Problem statement
Repeat every line of the data exactly, but not the pictures.

Source data
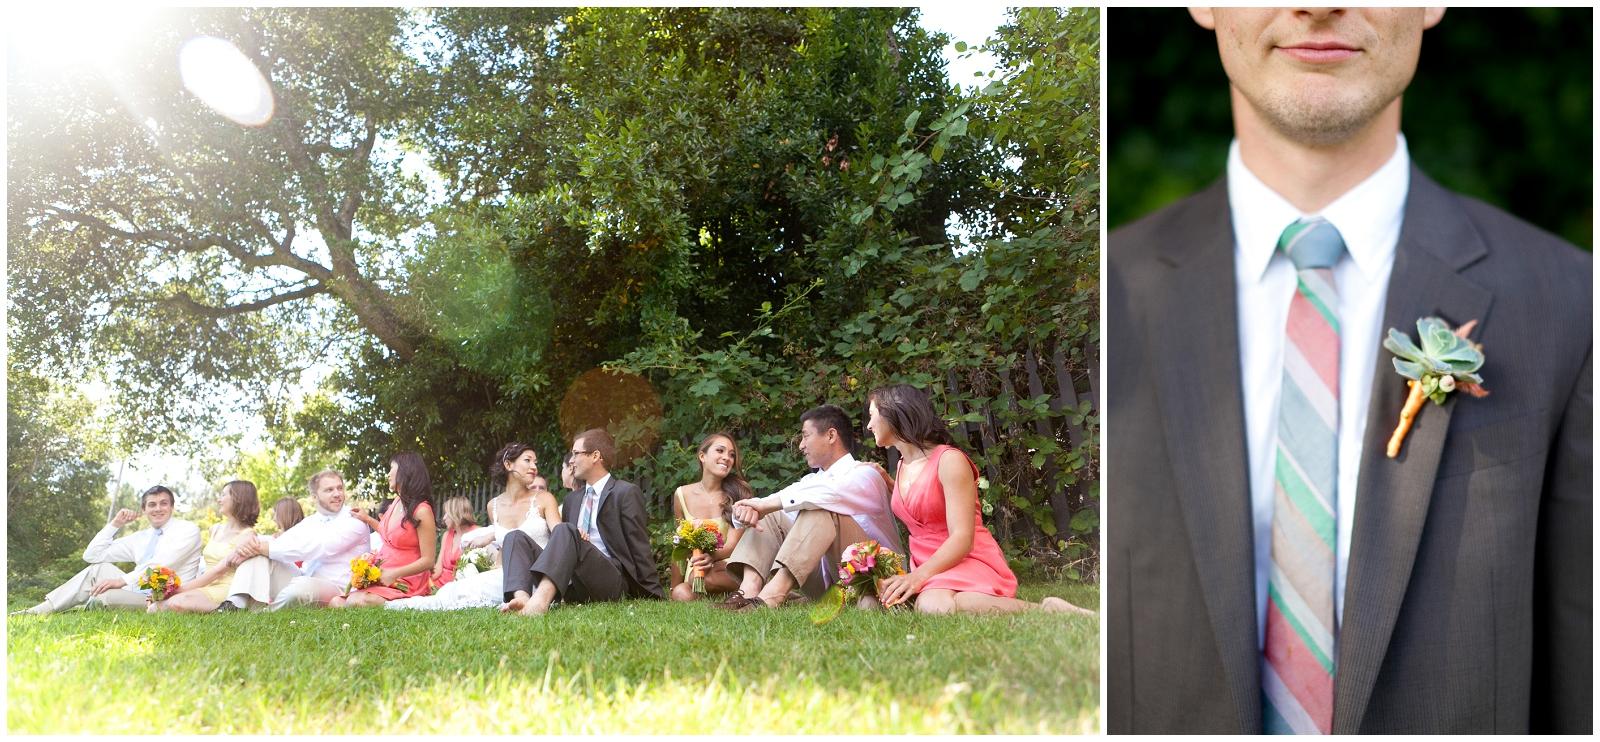 San-Francisco-Bay-Area-Wedding-Photography-Brazilian-Room-10.jpg
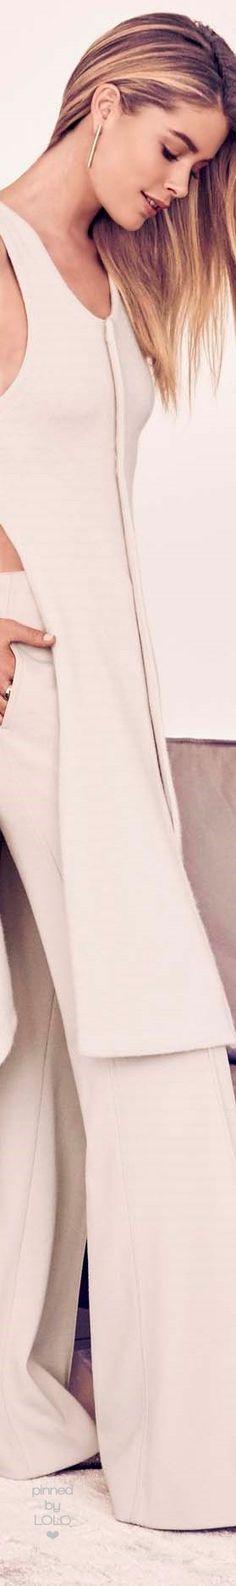 Doutzen Kroes Bloomberg Pursuits | LOLO❤︎ Fashion 2017, Women's Fashion Dresses, Fashion Models, Womens Fashion, Fashion Tips, Fashion Trends, Doutzen Kroes, White Fashion, Feminine Style
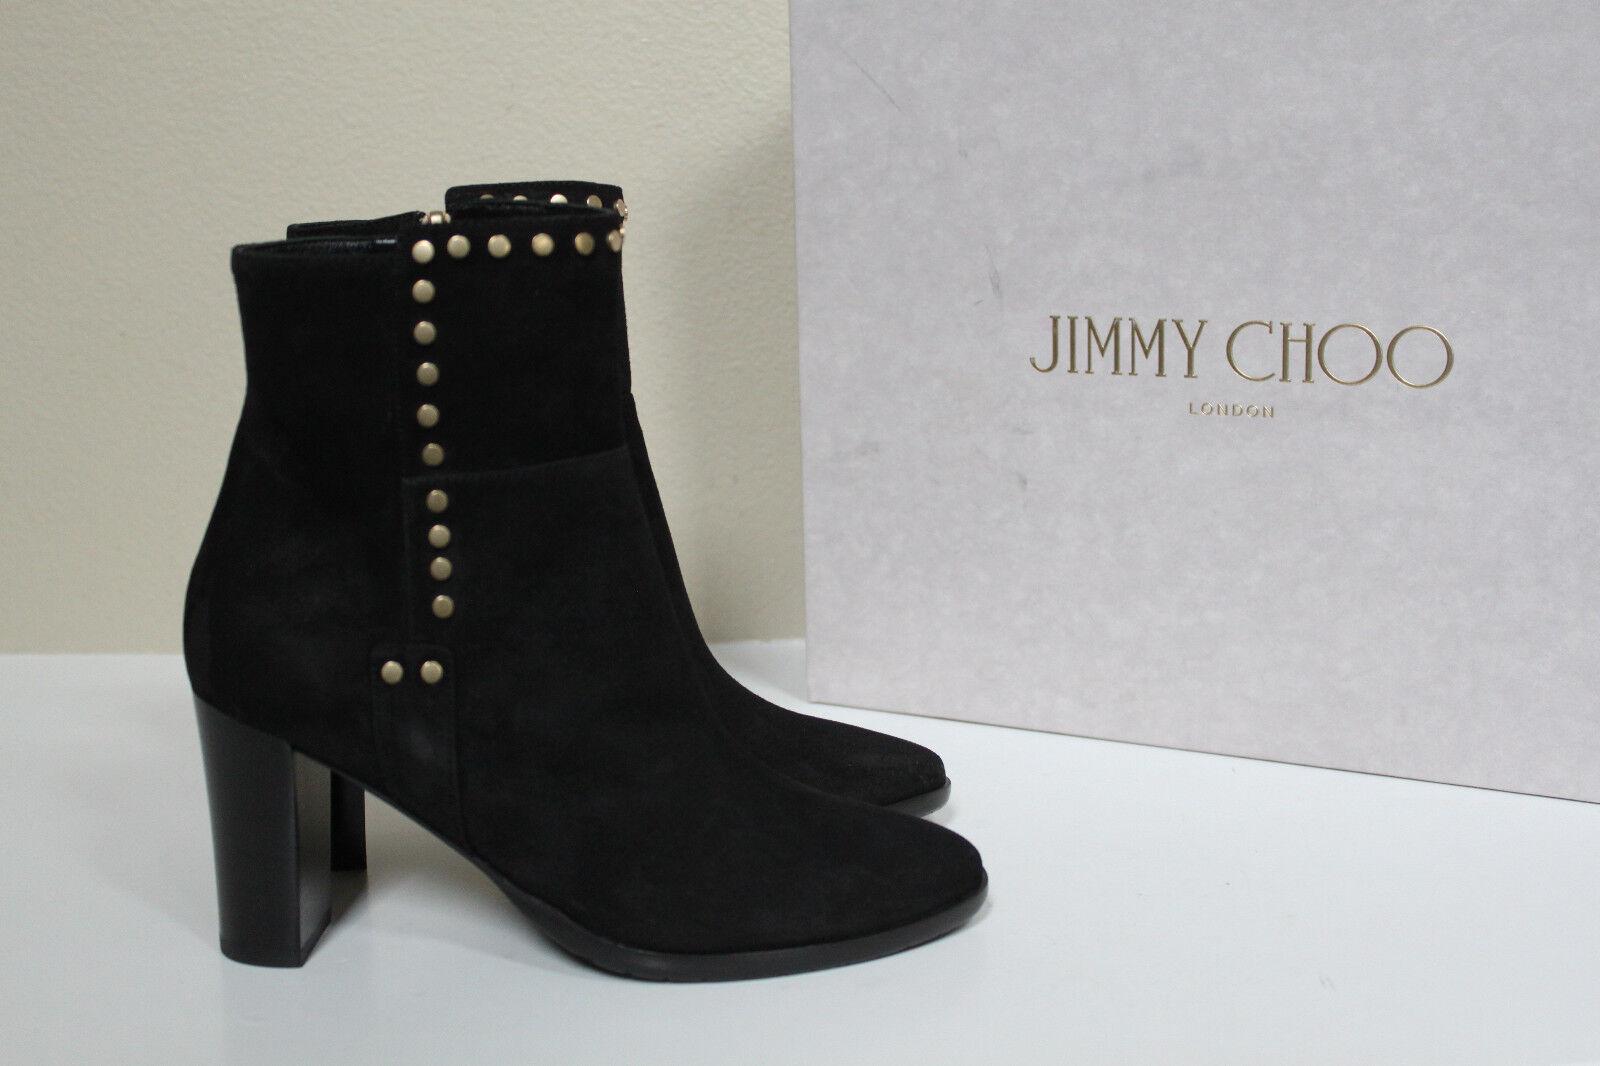 100% nuovo di zecca con qualità originale New sz 6   36 Jimmy Choo nero Suede Suede Suede Harlow Studded Ankle avvioie Block Heel Shoe  fabbrica diretta

Solution to this problem
 San-Francisco-Bay-Area-Wedding-Photography-Brazilian-Room-10.jpg
 Doutzen Kroes Bloomberg Pursuits | LOLO❤︎ Fashion 2017, Women's Fashion Dresses, Fashion Models, Womens Fashion, Fashion Tips, Fashion Trends, Doutzen Kroes, White Fashion, Feminine Style
 100% nuovo di zecca con qualità originale New sz 6   36 Jimmy Choo nero Suede Suede Suede Harlow Studded Ankle avvioie Block Heel Shoe  fabbrica diretta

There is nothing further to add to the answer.